Links Round-Up: On Work Experience, Teen Involvement, and a PRIZE DRAW

9 Feb

When YA Library UK reaches 100 email followers to this site (and, hopefully, 400 Twitter followers!) there will be a prize draw for followers in the UK! So far my ideas are as follow: 1) YALSA’s Cool Teen Programs for Under $100 (plenty of stuff in here that still applies in translation) or 2) a bundle of new YA releases! Or, 3) I could pick several winners for several new YA releases. There’s also 4) Something else (activity packs? Promotional materials?). What do you think? What would you most like to win?

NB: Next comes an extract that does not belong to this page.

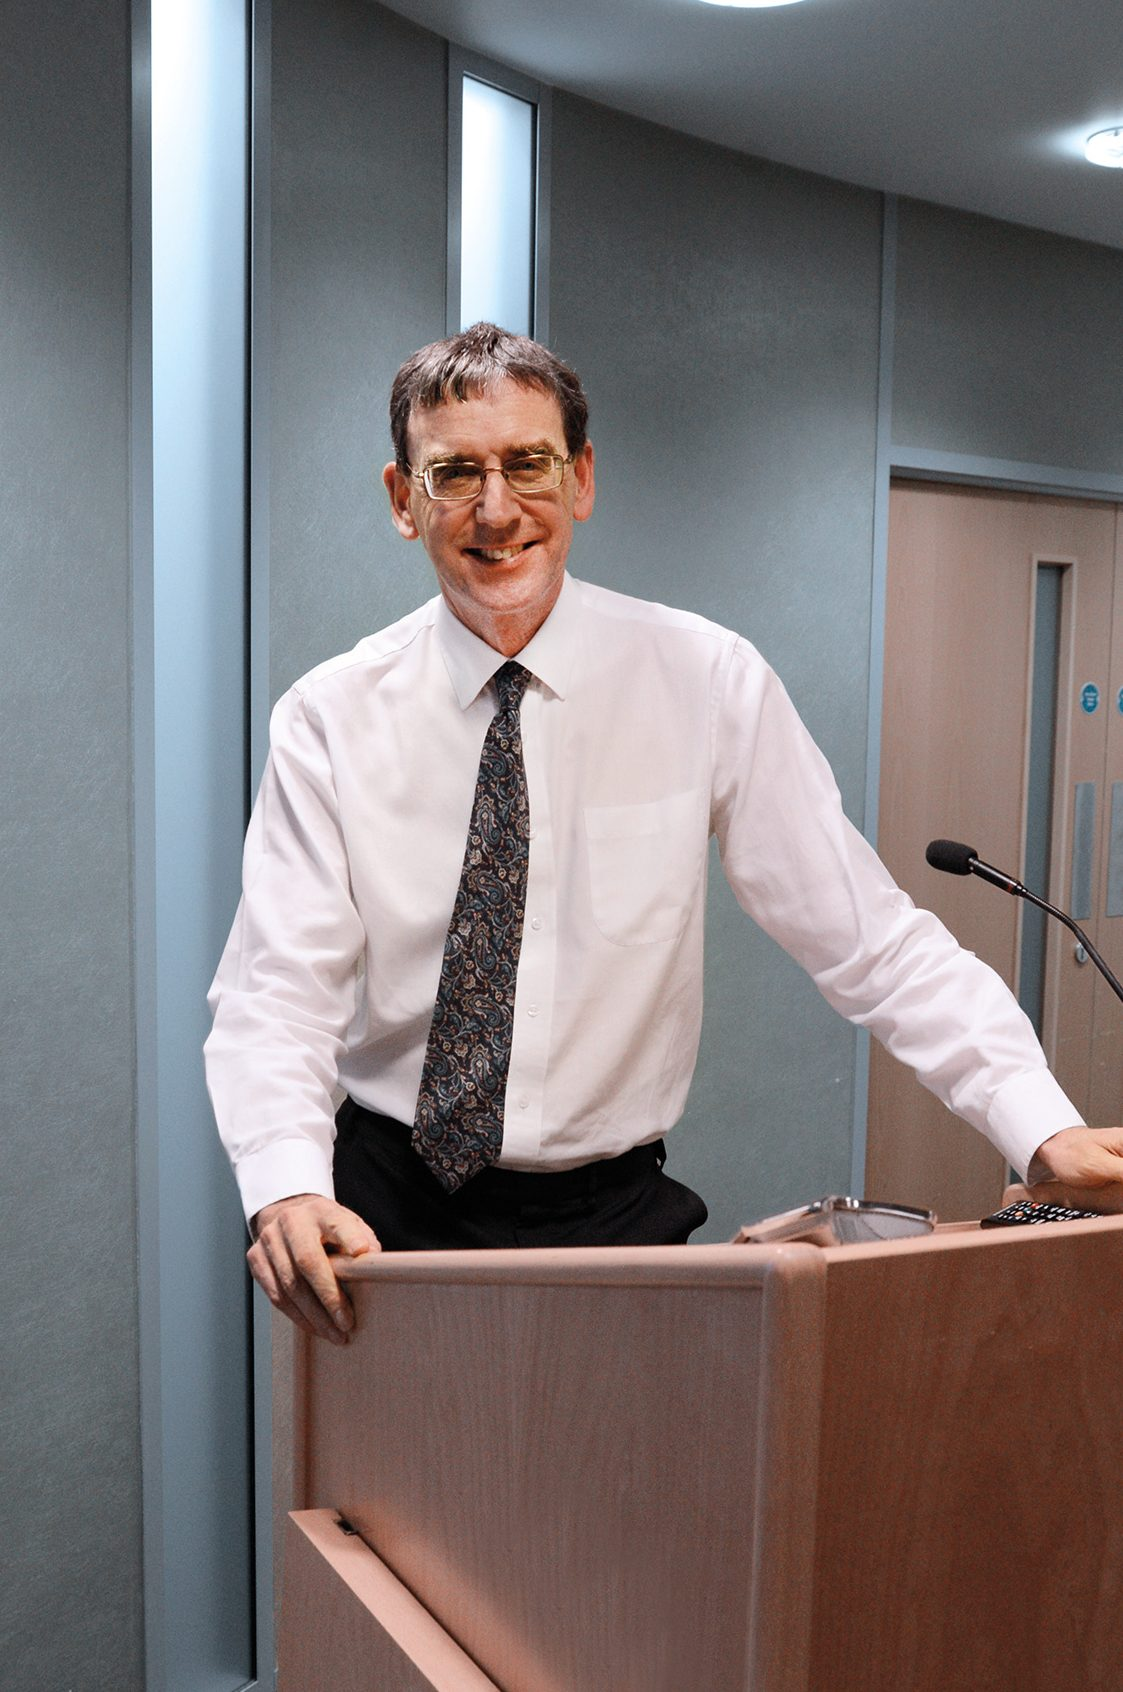 A photo of John Pullinger, UK National Statistician.

Comment, tweet, et cetera. (There are currently 98 email followers, so it’s very close!)

Now back to your regularly scheduled links round-up:

New research suggests work experience reduces the drop-out rate, leads to greater employability of young people.

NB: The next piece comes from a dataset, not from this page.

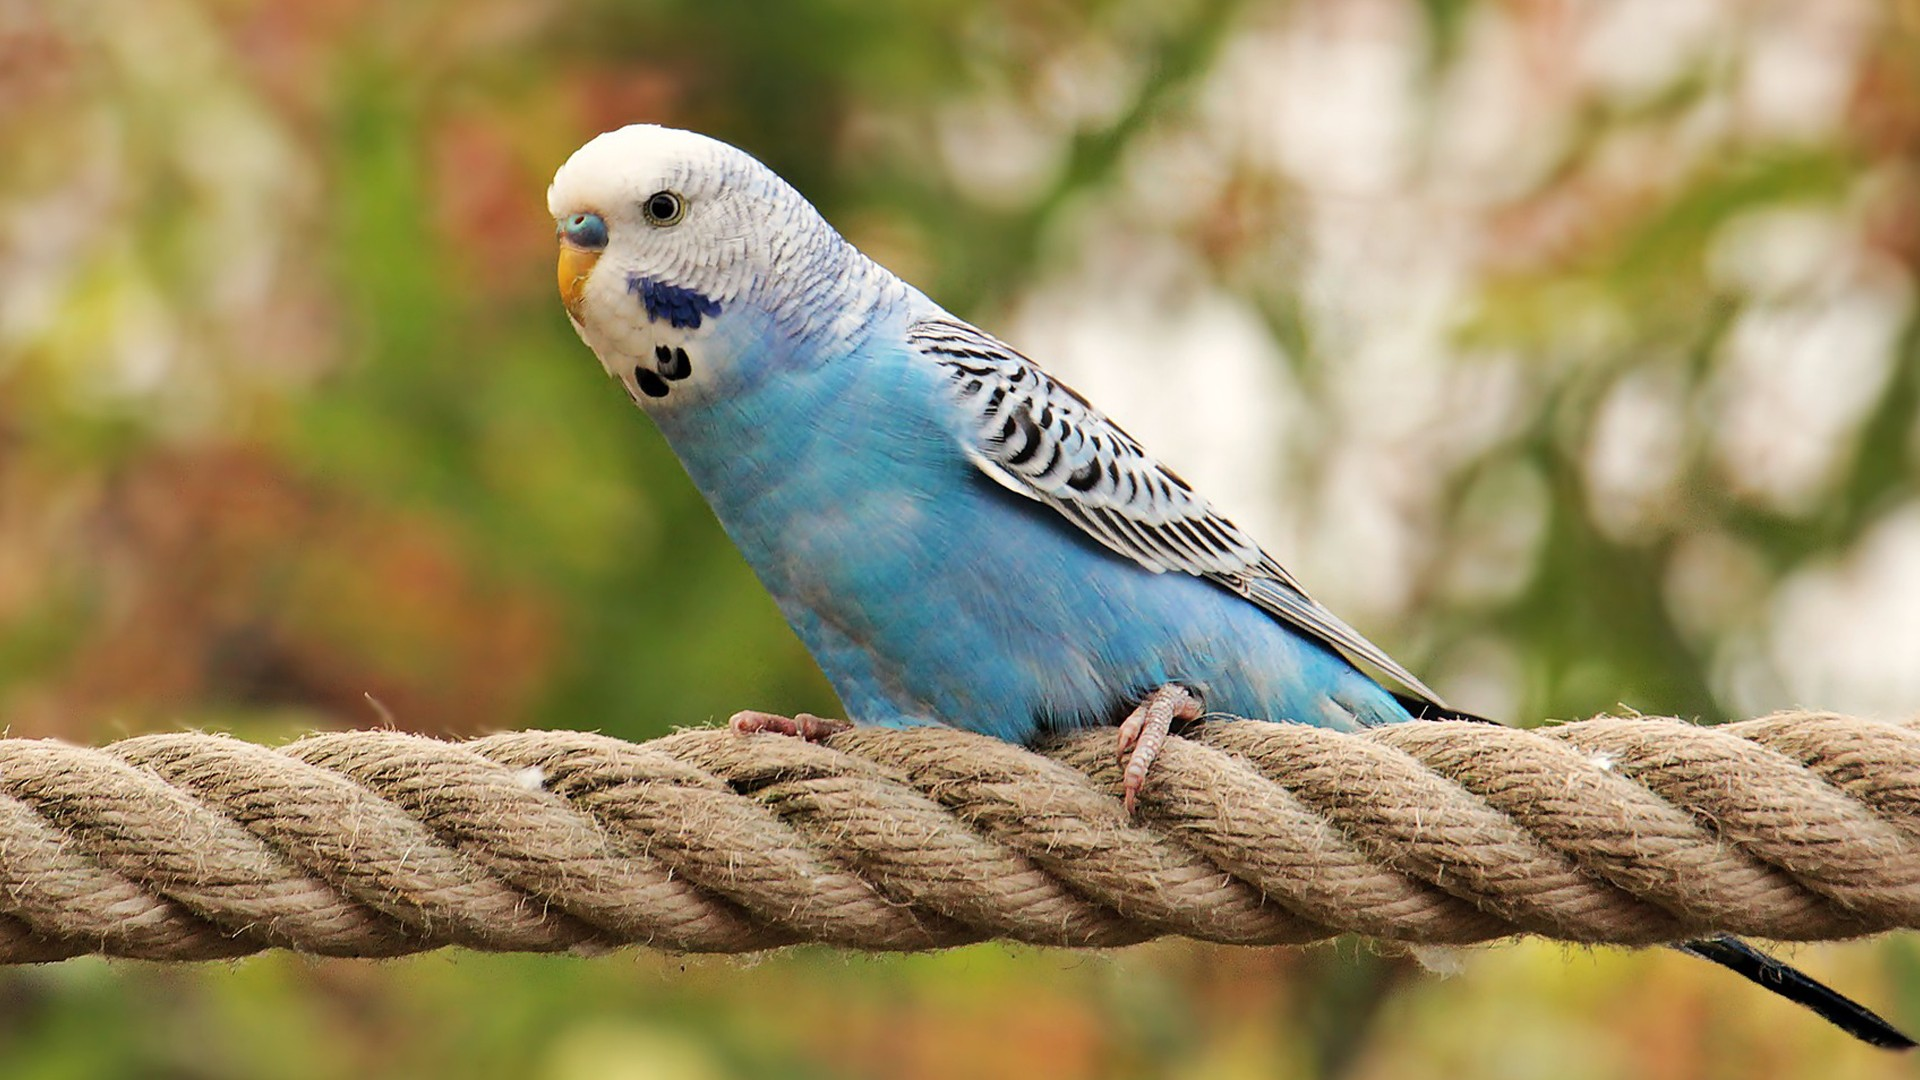 Modrá andulka na provaze

How to put ‘the “Teen” in Your Teen Space’, a post about getting teens involved and excited about your library’s activities.

In response to The Hunger Games‘ pending release, Springfield-Greene County Library has created Hunger Games website, and a roster of a week’s worth of library activities for teens.

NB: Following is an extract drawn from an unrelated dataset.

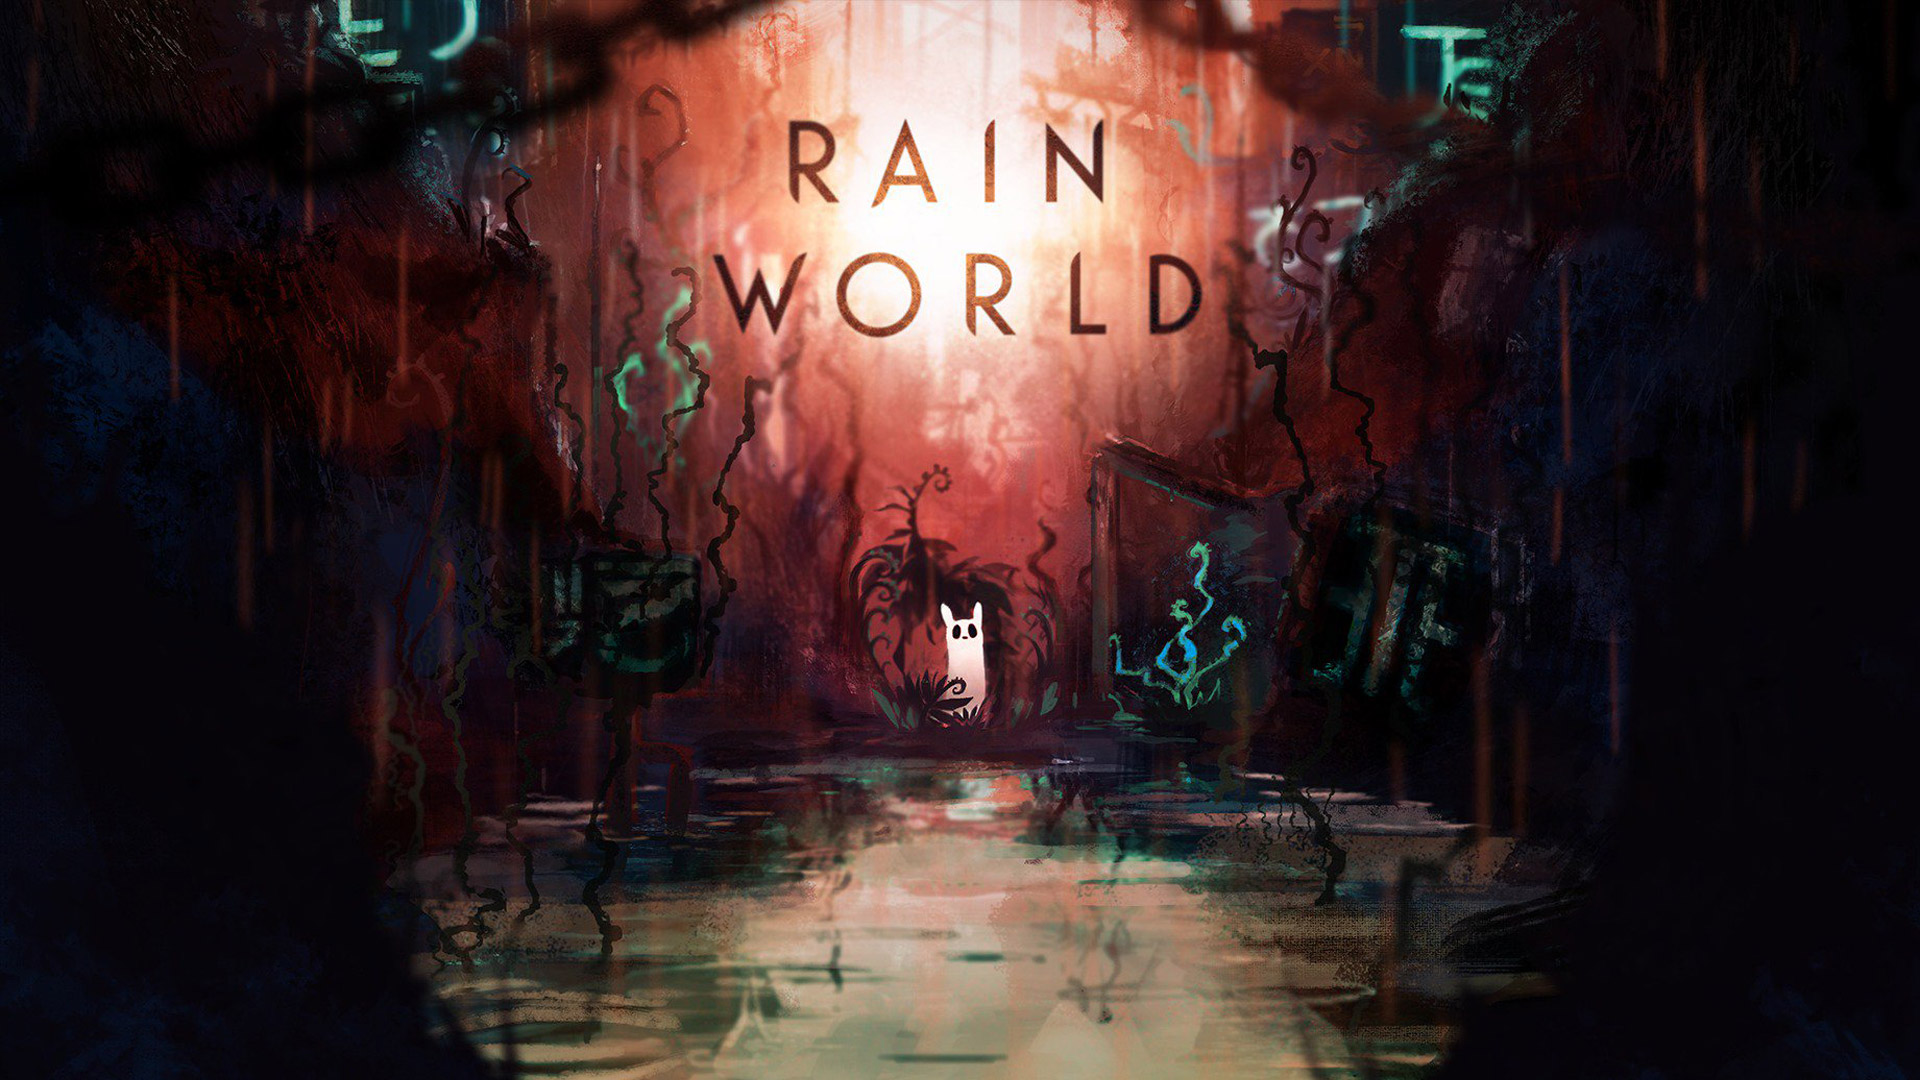 Free Rain World Wallpaper in 1920x1080

Pinterest is the “rising star of social media”. It’s easy to use, highly visual (like Tumblr!) and worth getting your library involved with while it’s hot.

A new book website called Small Demons finds and lists all the things mentioned in your favourite books: places, people, other books, movies, music, et cetera. The site is still in its nascent stages and doesn’t have many books added yet, but in time it could serve as a great help in planning programmes and displays (for example, I can imagine around a popular book of “books and/or music and/or films enjoyed by the characters”).

This is from 2011 but it’s new to me (and thus maybe to you): Sherman Alexie on why the greatest books for young people are “written in blood”. Alexie writes, “I have yet to receive a letter from a child somehow debilitated by the domestic violence, drug abuse, racism, poverty, sexuality, and murder contained in my book. To the contrary, kids as young as ten have sent me autobiographical letters written in crayon, complete with drawings inspired by my book, that are just as dark, terrifying, and redemptive as anything I’ve ever read.”